YOUR TASK =>
Skip all pictures. Set down only the lines starting at the line containing "Signature Scrunch 7/8" and running to the end of the listing.

RECORDED INFORMATION =>
*** Block opens ***
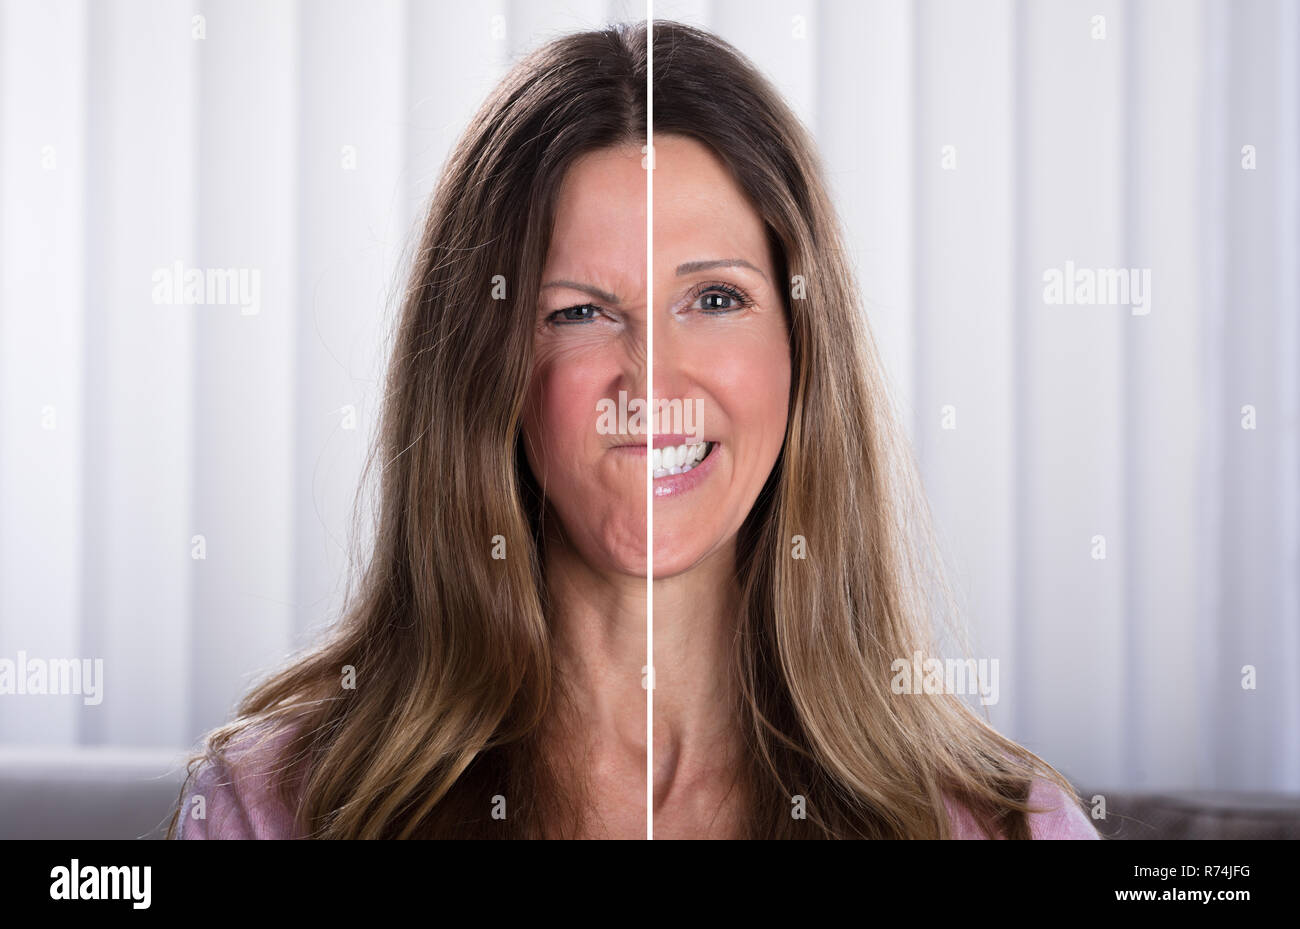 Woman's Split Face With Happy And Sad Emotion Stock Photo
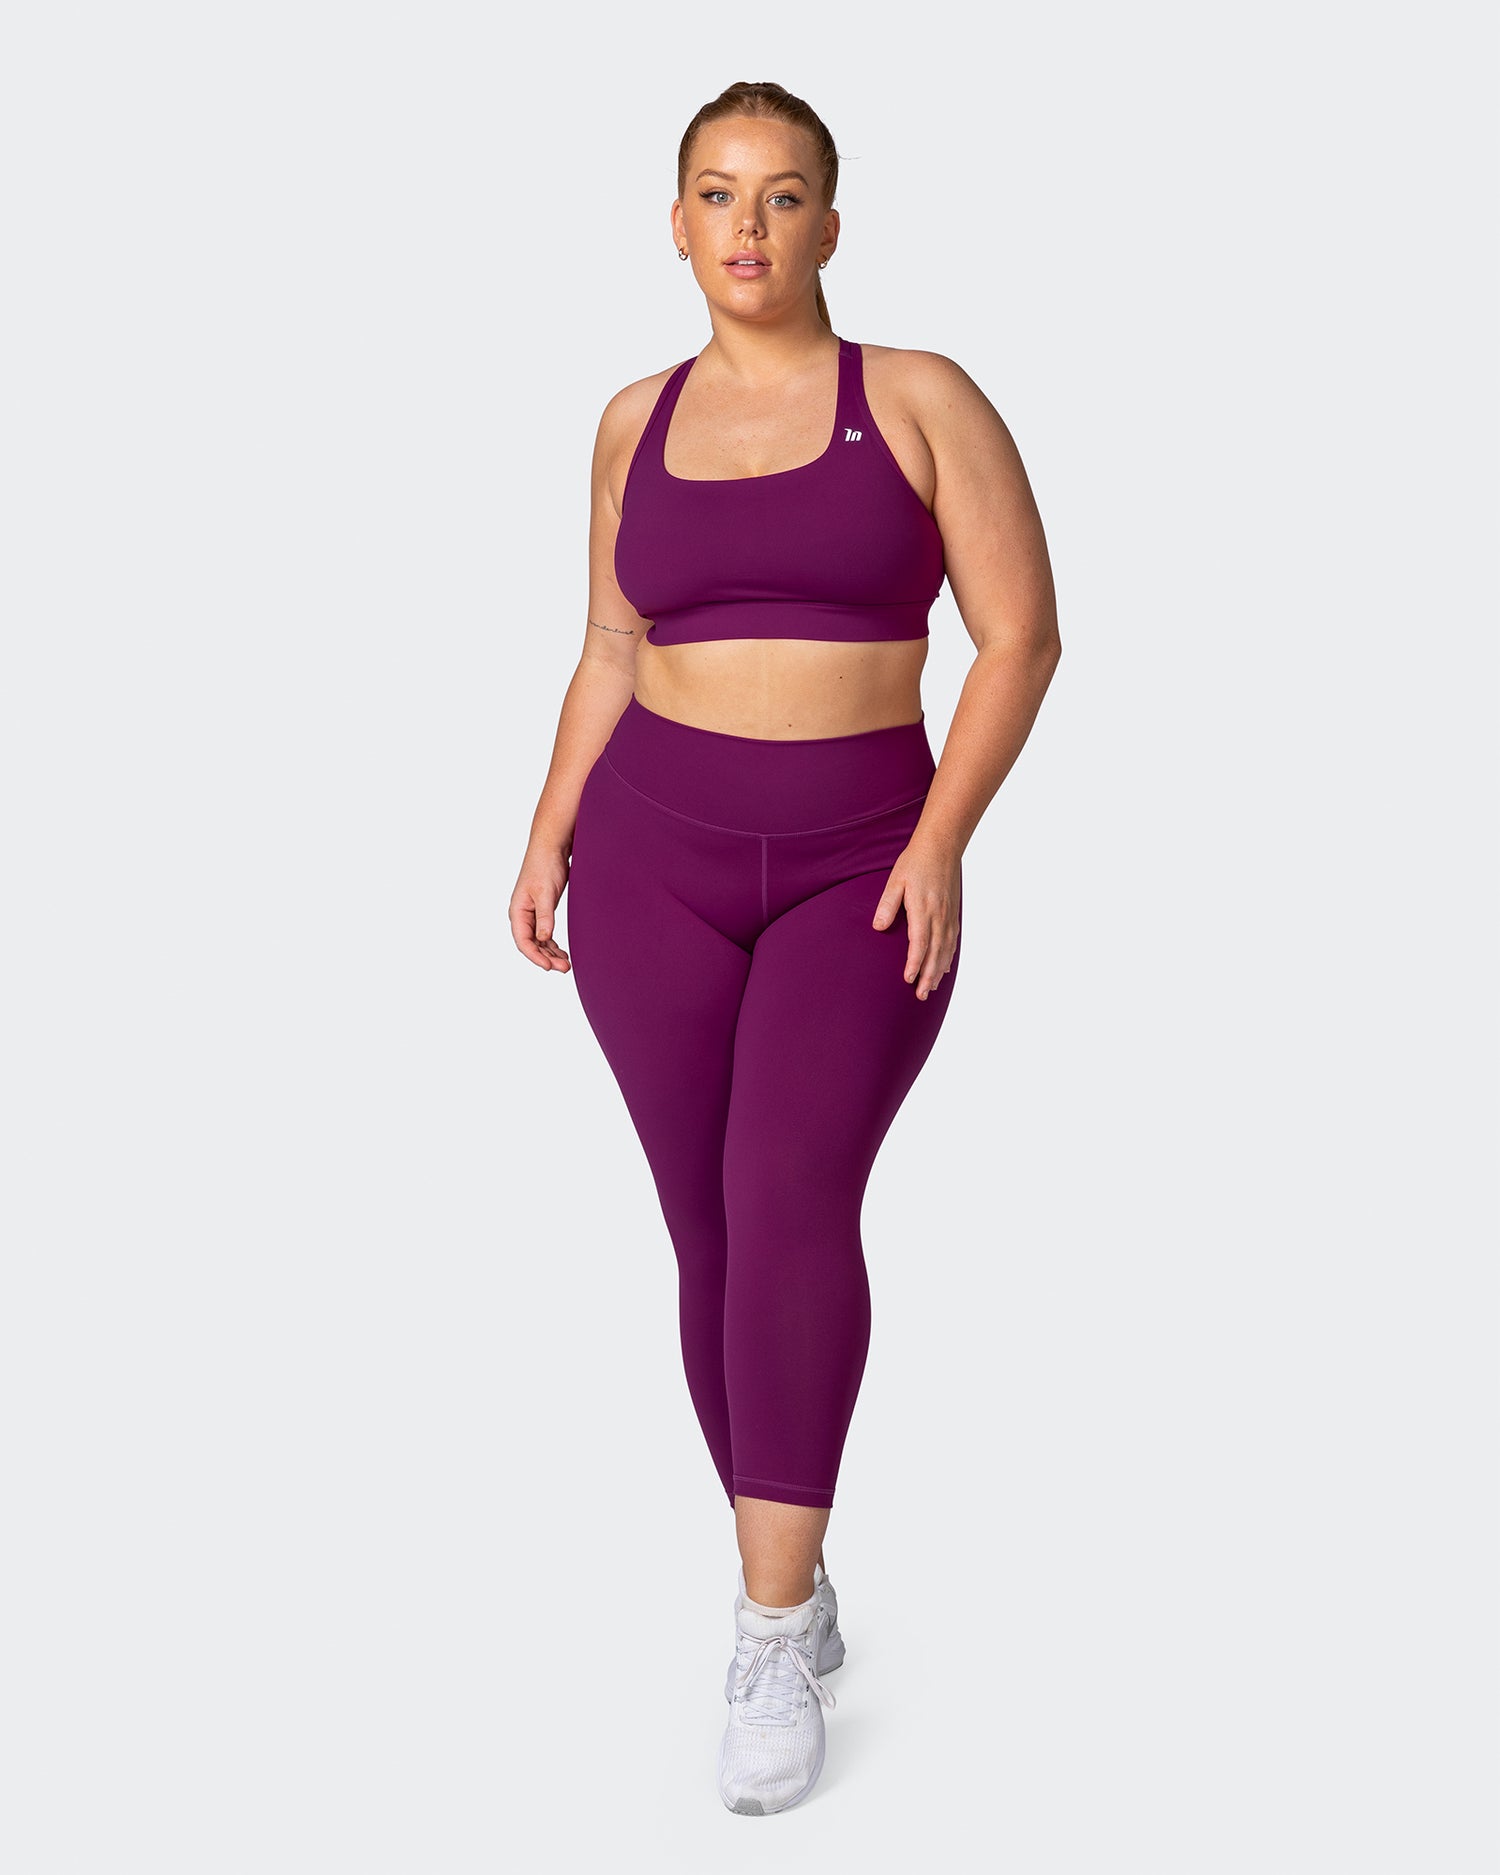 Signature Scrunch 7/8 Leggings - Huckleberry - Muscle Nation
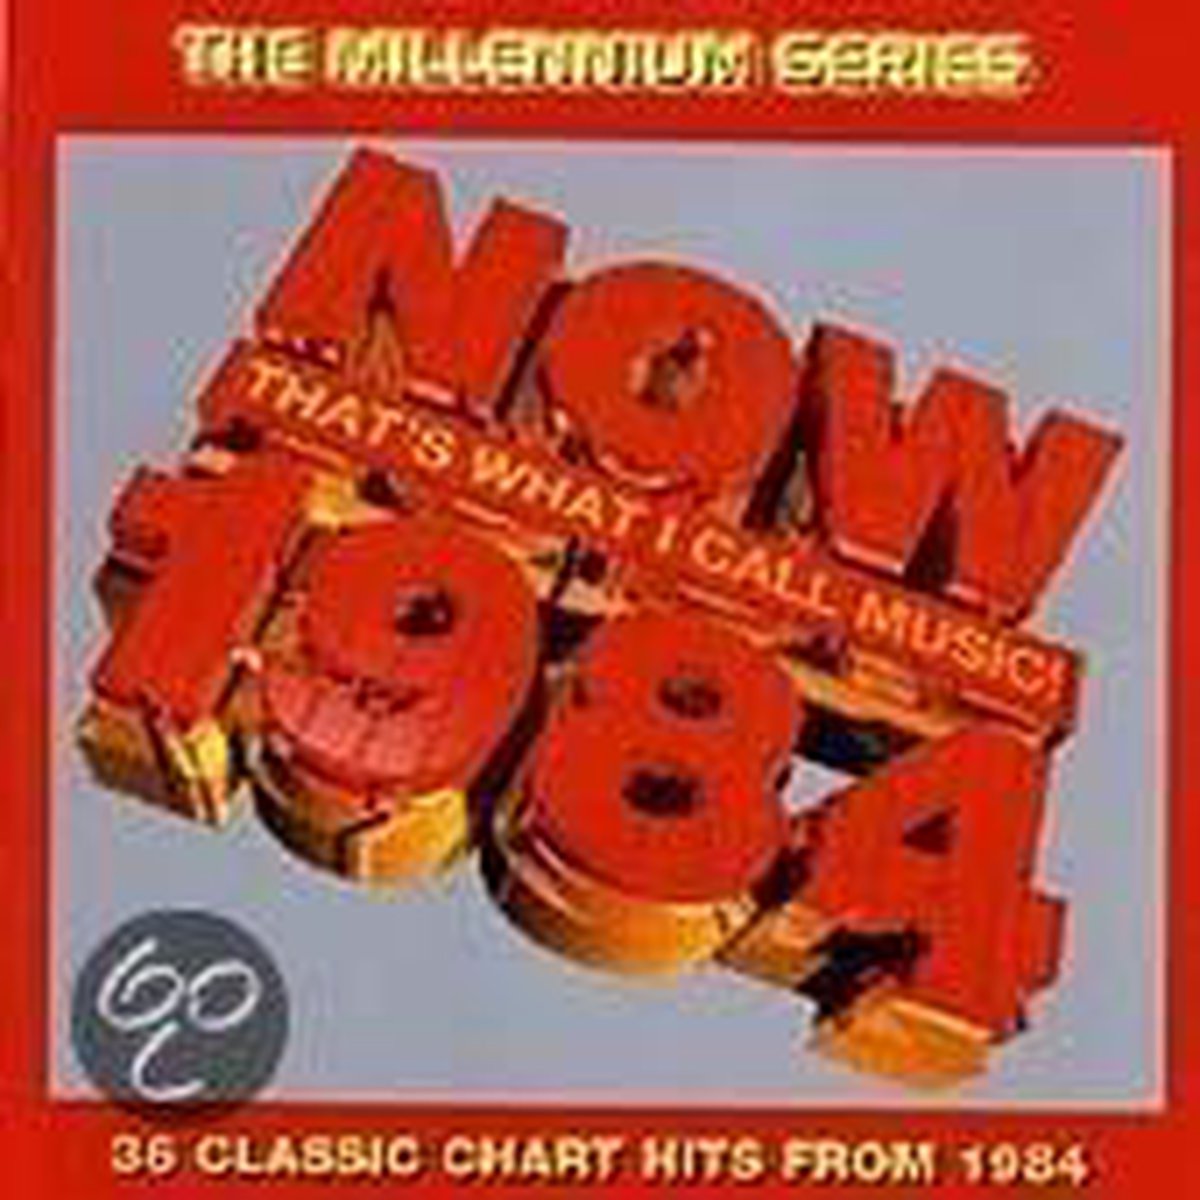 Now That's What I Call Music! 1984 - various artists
*** Block closes ***
ANSWER SECTION =>
 Signature Scrunch 7/8 Leggings - Huckleberry - Muscle Nation
 Now That's What I Call Music! 1984 - various artists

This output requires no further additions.